What to pack: This is the one time in Oman when a light jacket or fleece is genuinely useful. The mist in the mountains can be surprisingly cool, particularly in the evenings. A rain jacket is worth having. The beach is perfectly warm by day.
Driving: A standard car is sufficient for all the main khareef destinations. The mountain roads are paved and manageable. The only time 4WD might be useful is on unpaved tracks to remote viewpoints in the hills.
Beyond the Khareef Season
Salalah is worth visiting year-round, though the character of the city shifts dramatically outside the monsoon season. From October through May, the hills are dry and the landscape takes on a different, more austere beauty. The beaches are flat-calm and excellent for swimming. The frankincense souq is active year-round. Al Baleed is peaceful and uncrowded.
The connection between Salalah’s history and the frankincense trade that shaped the entire Dhofar region is one of the most fascinating stories in Arabian history — a story visible in the ruins at Al Baleed, in the resin still being harvested from mountain trees today, and in the incense smoke that curls from burners across the city every evening regardless of the season.
The Food Culture of Khareef Season
The seasonal food market that operates during khareef is one of the most distinctive aspects of the Salalah experience. Fresh tropical fruit — mangoes, papayas, bananas, coconuts — arrives from Dhofar’s farms and from across the region in quantities that are simply not available at other times of year. Coconut water, sold straight from the nut at market stalls along the corniche, becomes the unofficial drink of the khareef season.
The Omani and East African culinary influences in Salalah’s restaurants produce food that is notably different from the cuisine of Muscat and the north. Zanzibar-style rice dishes, marinated grilled fish from the Dhofar coast, and the particularly rich Dhofari honey — harvested from mountain hives and considered among the finest in the Arabian Peninsula — are all worth seeking out. The honey, in particular, makes an exceptional souvenir and can be bought directly from producers at the mountain market above Wadi Darbat.

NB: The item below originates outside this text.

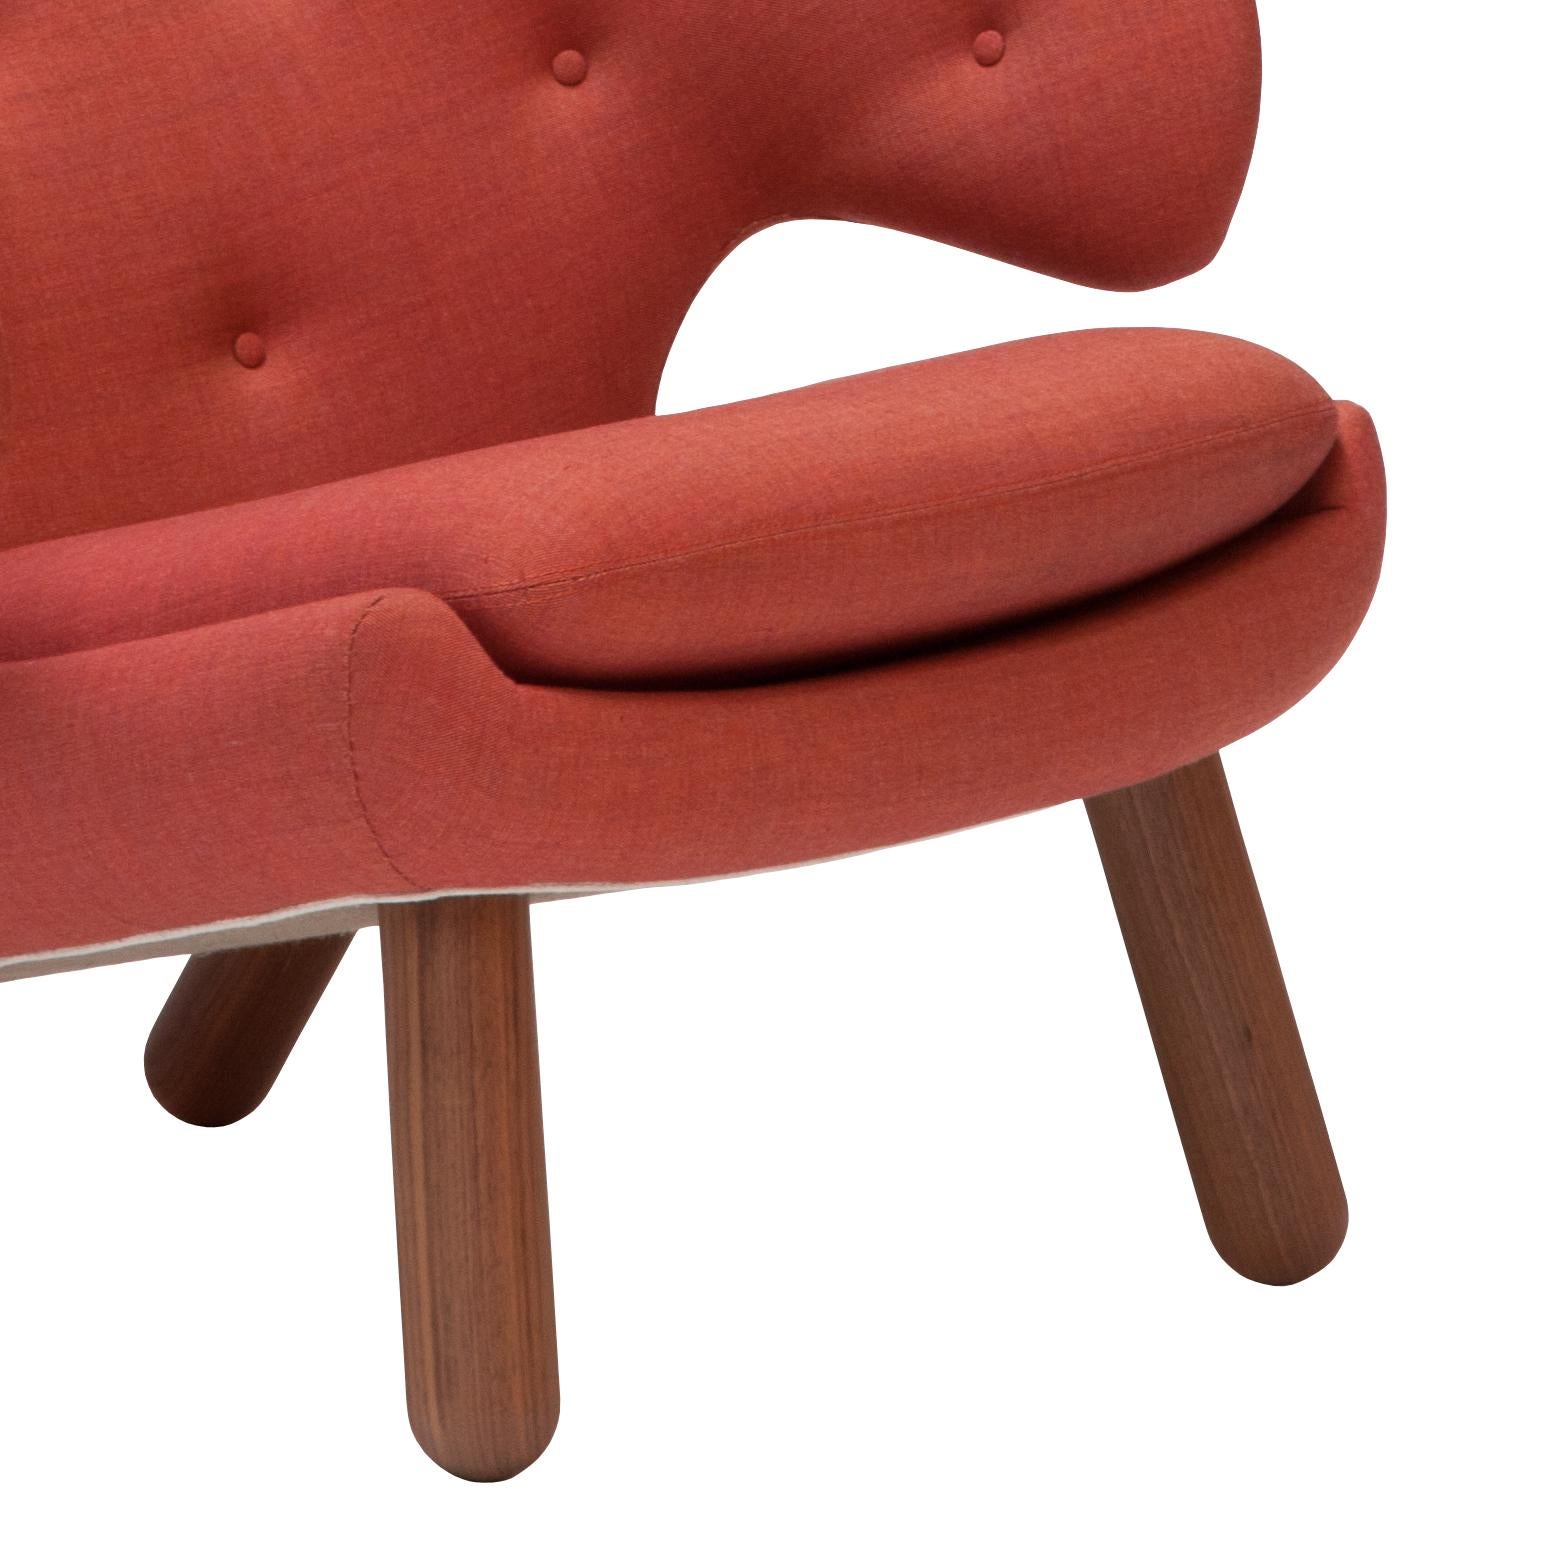 Danish Finn Juhl Pelican Chair Upholstered in Red Kvadrat Remix Fabric

What Omanis Know That Visitors Are Just Discovering
There is a particular pleasure in visiting a destination that local people love for local reasons. The khareef brings Omani families from across the country not because it has been packaged and marketed to them, but because the green hills, the cool air, and the abundance of the season are genuinely wonderful — a seasonal gift from a climate that for most of the year offers heat and aridity.
Joining that domestic celebration, eating in the same family restaurants, walking the same beach paths, and sitting on the same mist-covered hillsides as Omani holidaymakers is an immersive cultural experience that few formal tourism offerings can replicate.
The Wahiba Sands and Muscat will be there in October. Salalah in July and August offers something entirely different, and fleeting: a seasonal transformation that lasts only weeks before the mountains return to their dry, sunlit character. If your travel dates coincide with it, go.
A Final Word
Most Gulf travellers think of the region as hot, dry, and desert. The khareef in Salalah is a radical departure from that expectation — a cool, green, misty season that feels borrowed from a different climate zone entirely. It is the Gulf’s best-kept seasonal secret, beloved by Omanis and still largely undiscovered by the international tourists who do not yet know to look south.
If you visit Oman in summer and are prepared to fly south, Salalah will give you something you were not expecting: one of the most beautiful green seasons in Arabia.